Thanks for reaching out, I think if I remember rightly I have resolved this issue in the unpublished dev branch (v3.0) of CytoPy, but this is good to know. My implementation is still in Python so your C extension will probably be quicker.

I haven't considered FlowKit, mostly because CytoPy is aimed more at high-dimensional cytometry data and biomarker discovery. Its designed around the assumption of the following workflow:

  1. clean with autogates
  2. batch correct if needed
    1. cluster/classify
    1. visualise and extract results.

I do really admire what you have done with FlowKit however and I think it's major advantage is the GatingML compatibility which is a huge gap in CytoPy currently.

The future for CytoPy, once I've finished writing my PhD thesis and have time to implement it, is a decoupled ecosystem.
v3.0 of CytoPy is going to decouple many of the tools so that it's not such a behemoth. Tbh, CytoPy was a bit too ambitious to start with and this created a lot of problems in the original code base.

So in the future there will be CytoPy v3.0, which will depend on some smaller packages that can be used in isolation for those that don't need automated gating and a complex MongoDB database to track meta-data. There is probably a lot of overlap here in our work - I use your FlowUtils and FlowIO package extensively! Great job btw. If you ever need help maintaining it, please let me know, I owe you one for creating such great packages!

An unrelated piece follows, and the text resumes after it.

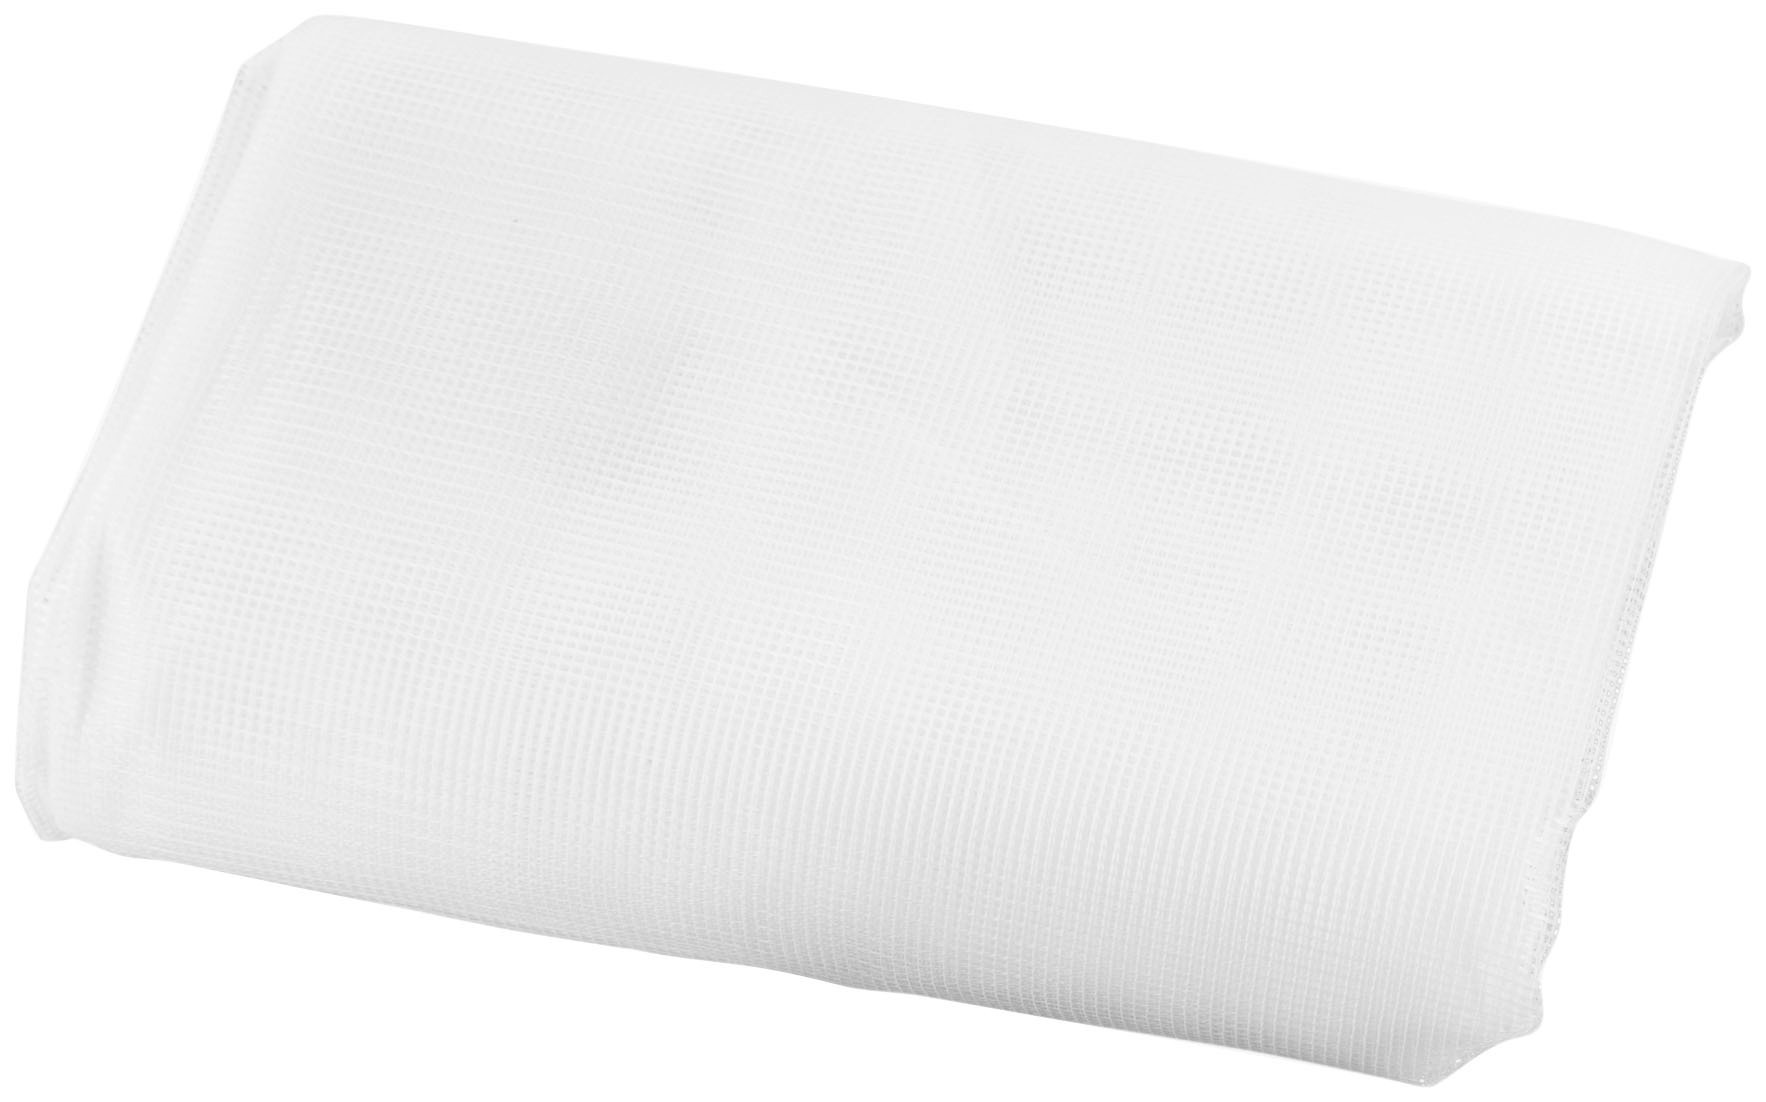 SCHELLENBERG Fliegengitter-Gewebe »50712«, mit Klettband, für Fenster, ohne bohren, 100x130 cm, weiß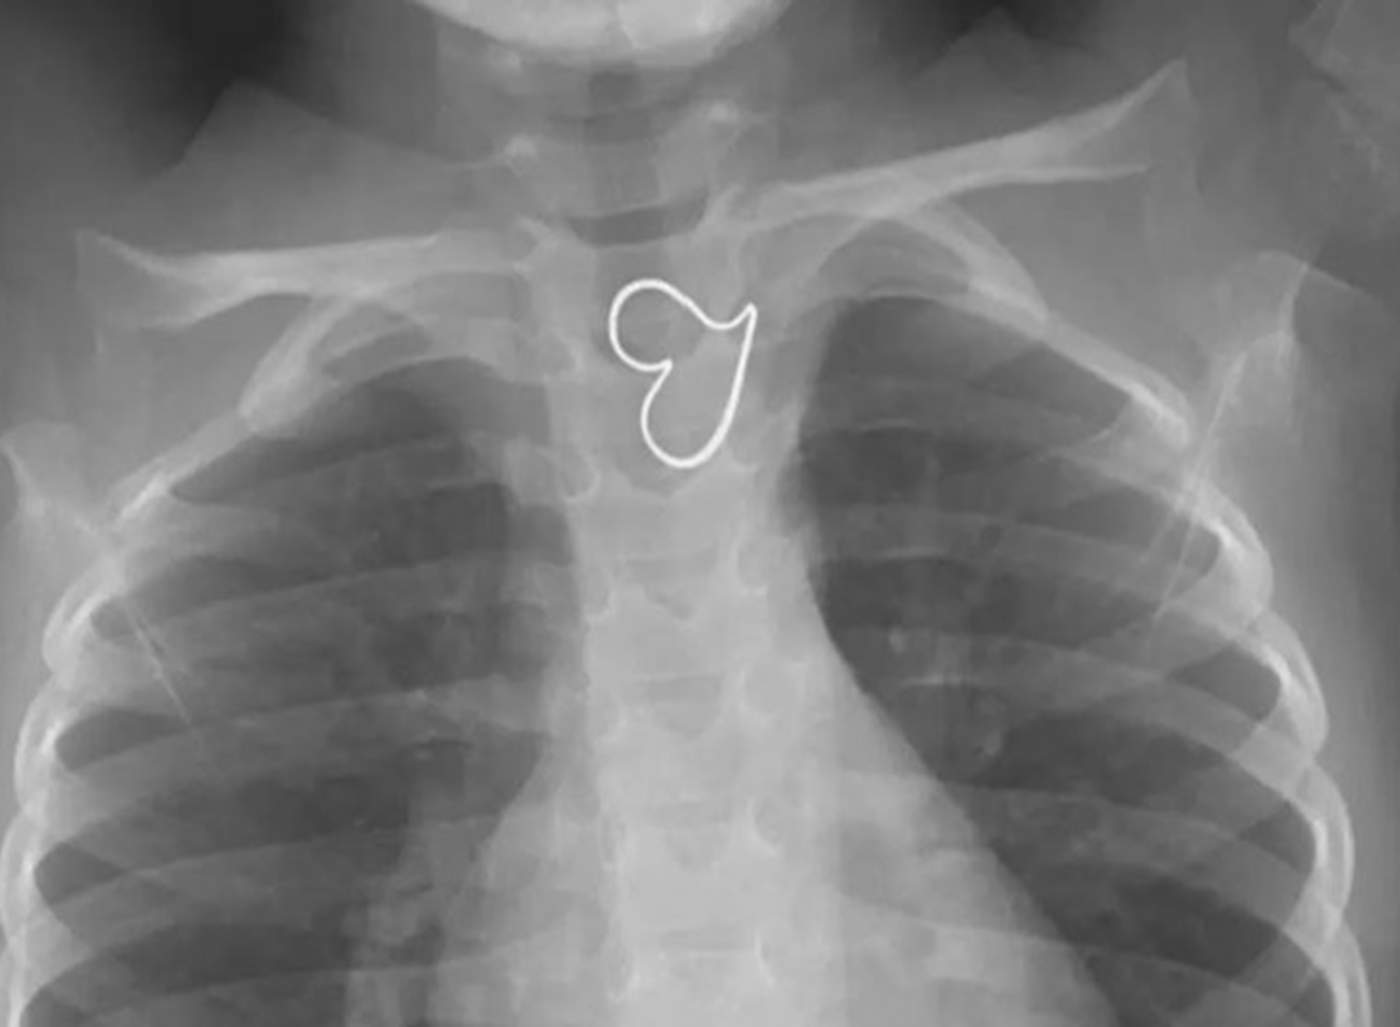 Aparece un ‘corazón perfecto’ en la radiografía de una niña

As for future CytoPy work, I've manage to make a start by pulling out some of functionality into smaller packages:
CytoTools [https://github.com/burtonrj/CytoTools] - reading files, transformations, dimension reduction, peak alignment and more
CytoPlots [https://github.com/burtonrj/CytoPlots] - classic facs plots in Python and some more general tools for stuff like scatterplots to be used with UMAP, tSNE etc
CytoCluster [https://github.com/burtonrj/CytoCluster] - as long as you have your results in a Pandas DataFrame you can apply all your popular clustering algorithms plus a novel ensemble clustering algorithm currently under peer-review (pre-print here: https://doi.org/10.1101/2022.06.30.496829)

Perhaps there is some areas we can collaborate here. I'm of the same mind and have thought about an Electron frontend or perhaps Django and React (a bit like your ReFlow work) but again, it always comes down to time.